[The input Boundary: Start]

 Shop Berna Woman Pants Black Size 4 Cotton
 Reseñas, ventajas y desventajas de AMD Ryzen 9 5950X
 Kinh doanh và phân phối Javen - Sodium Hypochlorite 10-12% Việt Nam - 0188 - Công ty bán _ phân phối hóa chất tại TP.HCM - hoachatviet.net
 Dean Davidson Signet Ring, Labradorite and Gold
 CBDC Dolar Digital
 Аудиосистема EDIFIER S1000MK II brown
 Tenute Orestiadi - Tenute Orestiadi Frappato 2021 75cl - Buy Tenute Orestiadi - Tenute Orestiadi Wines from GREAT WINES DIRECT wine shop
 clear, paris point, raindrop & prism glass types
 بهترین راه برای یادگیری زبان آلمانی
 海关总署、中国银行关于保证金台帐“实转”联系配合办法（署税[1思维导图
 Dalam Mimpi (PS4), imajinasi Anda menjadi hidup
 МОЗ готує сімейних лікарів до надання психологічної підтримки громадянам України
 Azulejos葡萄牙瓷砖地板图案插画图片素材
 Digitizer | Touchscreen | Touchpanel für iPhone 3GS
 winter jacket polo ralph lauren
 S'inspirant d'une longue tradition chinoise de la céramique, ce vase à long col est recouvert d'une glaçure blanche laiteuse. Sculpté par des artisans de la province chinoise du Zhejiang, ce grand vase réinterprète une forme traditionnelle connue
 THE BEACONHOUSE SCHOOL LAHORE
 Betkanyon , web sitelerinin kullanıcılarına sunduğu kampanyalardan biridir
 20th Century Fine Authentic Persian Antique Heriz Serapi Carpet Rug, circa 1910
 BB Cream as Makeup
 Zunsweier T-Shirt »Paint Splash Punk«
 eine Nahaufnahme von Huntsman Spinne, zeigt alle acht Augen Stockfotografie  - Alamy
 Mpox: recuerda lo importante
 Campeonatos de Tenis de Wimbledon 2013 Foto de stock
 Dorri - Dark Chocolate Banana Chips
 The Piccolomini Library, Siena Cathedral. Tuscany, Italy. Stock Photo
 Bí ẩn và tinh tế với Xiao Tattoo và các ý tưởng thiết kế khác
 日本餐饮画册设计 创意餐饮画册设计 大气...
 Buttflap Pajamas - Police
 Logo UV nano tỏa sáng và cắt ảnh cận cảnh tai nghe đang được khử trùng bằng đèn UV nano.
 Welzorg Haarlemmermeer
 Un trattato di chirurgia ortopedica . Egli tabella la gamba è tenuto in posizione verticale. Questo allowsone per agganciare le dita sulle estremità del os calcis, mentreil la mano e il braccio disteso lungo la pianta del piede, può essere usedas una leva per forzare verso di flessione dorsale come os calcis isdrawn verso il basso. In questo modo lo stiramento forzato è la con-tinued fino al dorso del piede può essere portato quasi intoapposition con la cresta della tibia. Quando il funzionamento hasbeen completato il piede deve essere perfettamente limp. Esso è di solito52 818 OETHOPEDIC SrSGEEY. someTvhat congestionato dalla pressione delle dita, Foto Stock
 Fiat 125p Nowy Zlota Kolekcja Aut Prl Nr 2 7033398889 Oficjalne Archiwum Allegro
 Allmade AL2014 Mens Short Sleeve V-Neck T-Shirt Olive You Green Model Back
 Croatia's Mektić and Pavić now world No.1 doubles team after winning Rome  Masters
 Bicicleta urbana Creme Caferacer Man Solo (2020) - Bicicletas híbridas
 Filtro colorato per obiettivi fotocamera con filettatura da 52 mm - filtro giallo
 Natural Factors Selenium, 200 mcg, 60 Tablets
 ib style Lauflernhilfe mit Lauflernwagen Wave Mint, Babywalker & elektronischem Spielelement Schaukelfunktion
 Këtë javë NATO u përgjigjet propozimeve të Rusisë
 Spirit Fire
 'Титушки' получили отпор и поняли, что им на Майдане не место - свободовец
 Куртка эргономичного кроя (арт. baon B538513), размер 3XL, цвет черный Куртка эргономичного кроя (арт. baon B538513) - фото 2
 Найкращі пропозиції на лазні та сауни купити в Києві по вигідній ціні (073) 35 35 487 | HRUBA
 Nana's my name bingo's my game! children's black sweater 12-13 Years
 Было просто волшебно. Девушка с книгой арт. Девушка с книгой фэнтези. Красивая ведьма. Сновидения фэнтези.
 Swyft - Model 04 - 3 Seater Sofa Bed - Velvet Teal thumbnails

[The input Boundary: End]

As listed above, the lines from the line with "место - свободовец" to the line with "Nana's my name" are to be echoed exactly, with both ends included and nothing added.

* _Written solution_:
 'Титушки' получили отпор и поняли, что им на Майдане не место - свободовец
 Куртка эргономичного кроя (арт. baon B538513), размер 3XL, цвет черный Куртка эргономичного кроя (арт. baon B538513) - фото 2
 Найкращі пропозиції на лазні та сауни купити в Києві по вигідній ціні (073) 35 35 487 | HRUBA
 Nana's my name bingo's my game! children's black sweater 12-13 Years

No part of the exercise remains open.